Внук быстрыми шагами на длинных ногах пошел к машине, которая стояла у выхода из кладбища. А бабушка тяжело вздохнула, покачала головой, вновь сгорбилась, поправила платок на голове и продолжила шептать молитвы.
БАТЯ
В бараке осенняя сырость с улице отражалась в носу, бронхах и душе. «Сырые будни» – это когда ты сидишь на полу и втягиваешь запах спрессованных водянистых опилок от прогнившей и обвалившейся завалинки. А еще тебя пронизывает насквозь холод из щелей рассохшихся оконных рам и собственная беззащитность.
Обстановку распада души на мелкие никчемные частицы в такие серые будни подогревало отсутствие света в прихожей, из-за вывернутой с корнем лампочки (то ли хулиганы, то ли экономили соседи по коридору) и выключенного света в доме – потому что батя так сказал.
Как сейчас помню: недостаток света в короткий осенний день, окна запотели, ты вдыхаешь сырость и одиночество, а батя – спит. Батя, как ни странно, некий гарант спокойствия, когда малолетняя депрессия берет свое: батя рядом, он спит, но, возможно, услышит тебя, если ты его окликнешь. Батя спит: от него пахнет куревом и спиртом. Он удовлетворенно спит и не видит разруху вокруг. Батя просто пьян.
Когда уволили с работы мать, ее горе знали все: соседи по бараку, все знакомые и друзья, родственники и, разумеется, мы. Горе сопровождалось истериками и выражалось ярко, как будто на сцене выкладывался артист на премьерном спектакле.
Что же касается бати, то он как мужчина держал тоску от собственного сокращения на работе в себе и при себе. Бывало, откроет форточку, начнет курить, потом задумается и не заметит, как огонь сигареты подберется к фильтру и не спеша начнет обжигать его пальцы.
Я не серчаю на батю и мать за тоску, которая из детства перешла в юность, потом перекочевала со мной в зрелость и превратилась в навязчивую потребность. Я до сих пор ощущаю сильную тоску. Хотя живу гораздо лучше, чем тогда. Ощущаю сырость и подавленность, живя в комфортабельных условиях и с большим пространством вариантов решения проблем, чем тогда.

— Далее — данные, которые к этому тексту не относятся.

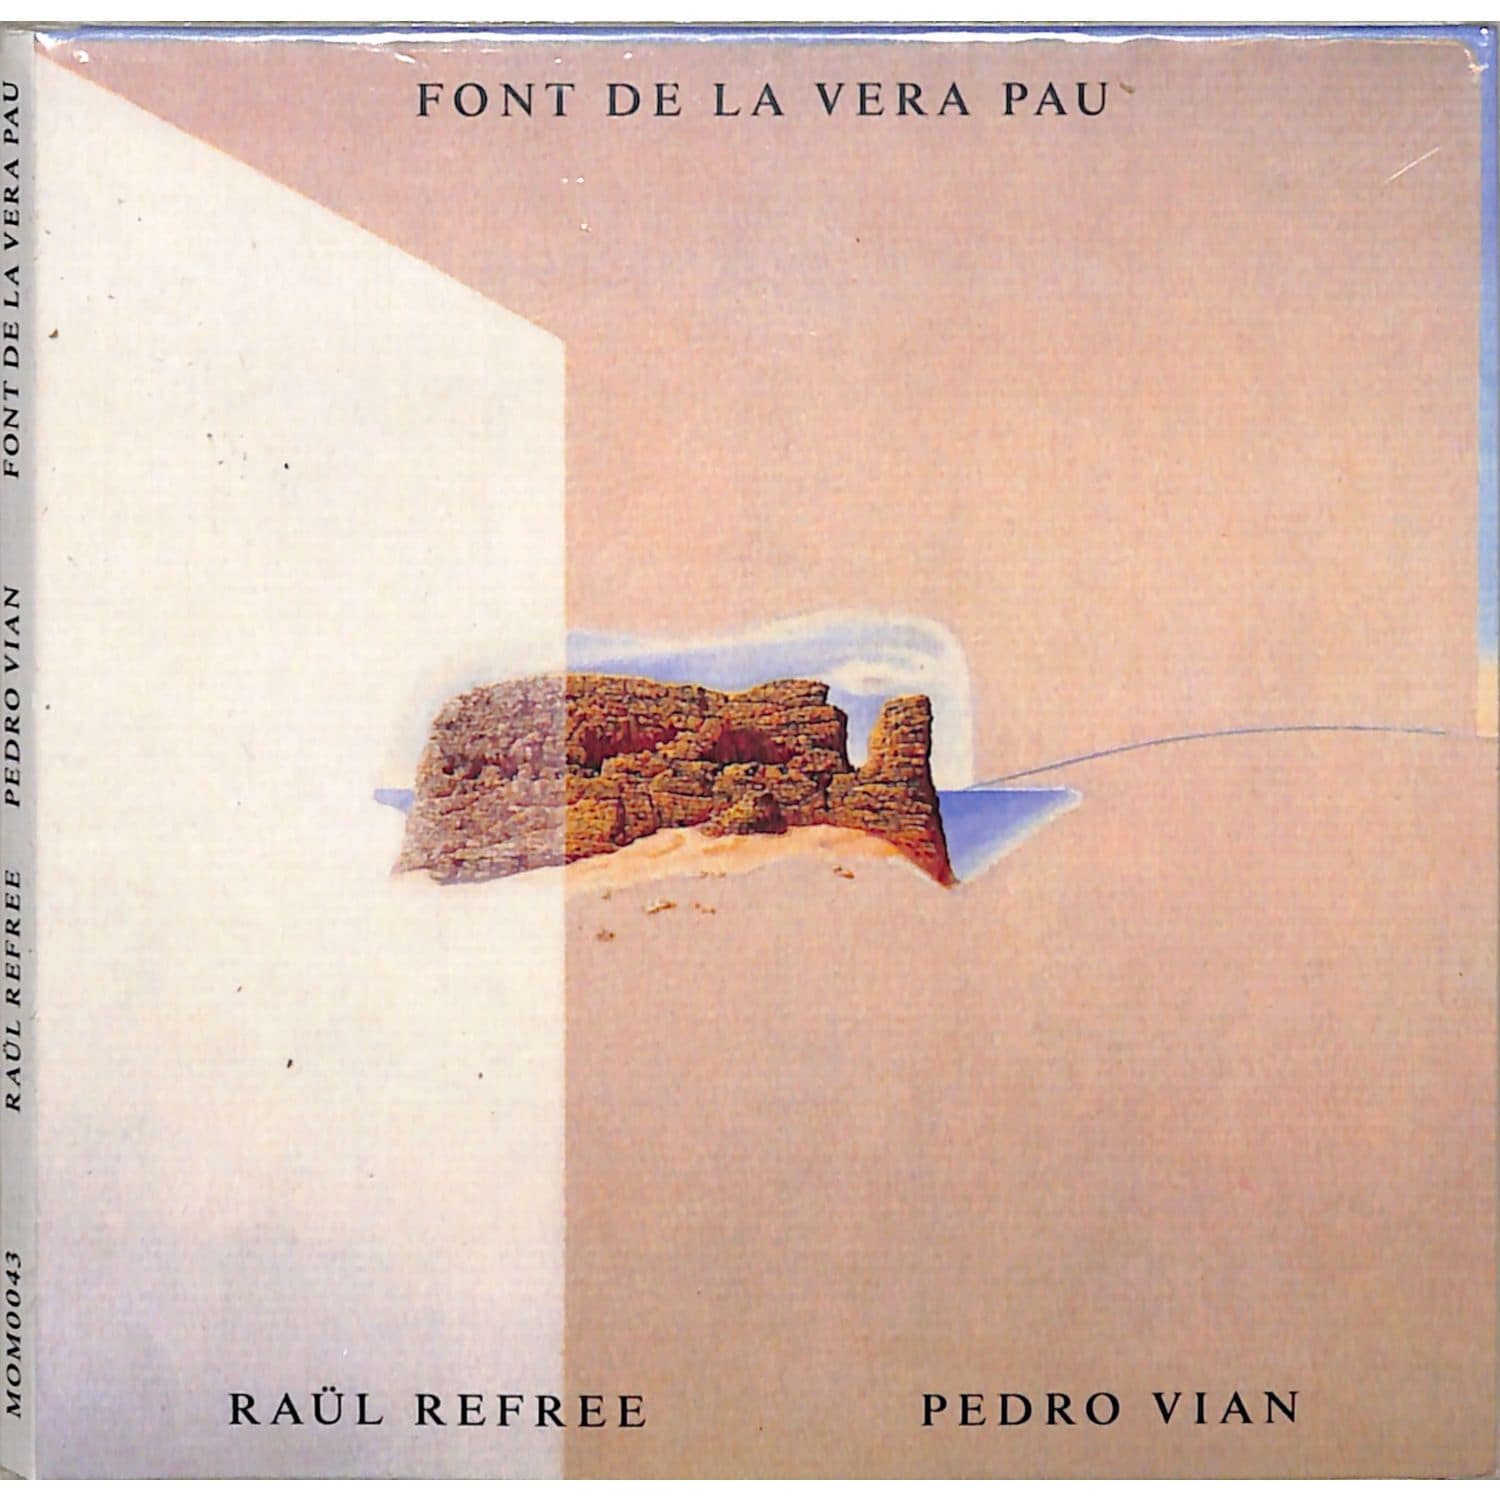 Raul Refree & Pedro Vian - FONT DE LA VERA PAU

Вспоминается один случай. Батя пришел на рогах, но дошел до кровати сам и стал разуваться не в прихожей, а дома. Я тогда не понимал, что его одолевала такая форма депрессии, когда ему становилось плевать и на свой внешний вид, и на то, что творится рядом с ним и у него дома. Он снял ботинки и поставил их около кровати. Лег и закурил. Я подошел к нему и спросил:
– Батя, а вот мы так живем, живем, а потом умрем, да?
Не знаю, почему сам по себе у ребенка возник такой вопрос в довольно неокрепшей голове. До сих пор не могу дать на него ответ.
Батя окинул меня взглядом испытывающим насквозь:
– Мать научила?– спросил он.
Резко батя вскочил с кровати, подошел к магнитофону и поставил кассету. Заиграла музыка. Уже со временем я узнал, что за песня играла в динамиках старого, раздолбанного магнитофона. Зазвучала композиция Pardonne-moi ce caprice d'enfant в исполнении французской певицы Мирей Матье.
– Давай, сынок плясать? Будто мы с тобой в Париже, ёпта!
Не вынимая сигареты изо рта, он подхватил меня мощными жилистыми руками и стал кружить под оптимистичные и свободные мотивы французского la chanson. Меня кружил батя, я громко смеялся и просил подбросить меня вверх. Батя подбрасывал меня и ловил за секунду до падения об пол. Я визжал от восторга и страха. Батя улыбался.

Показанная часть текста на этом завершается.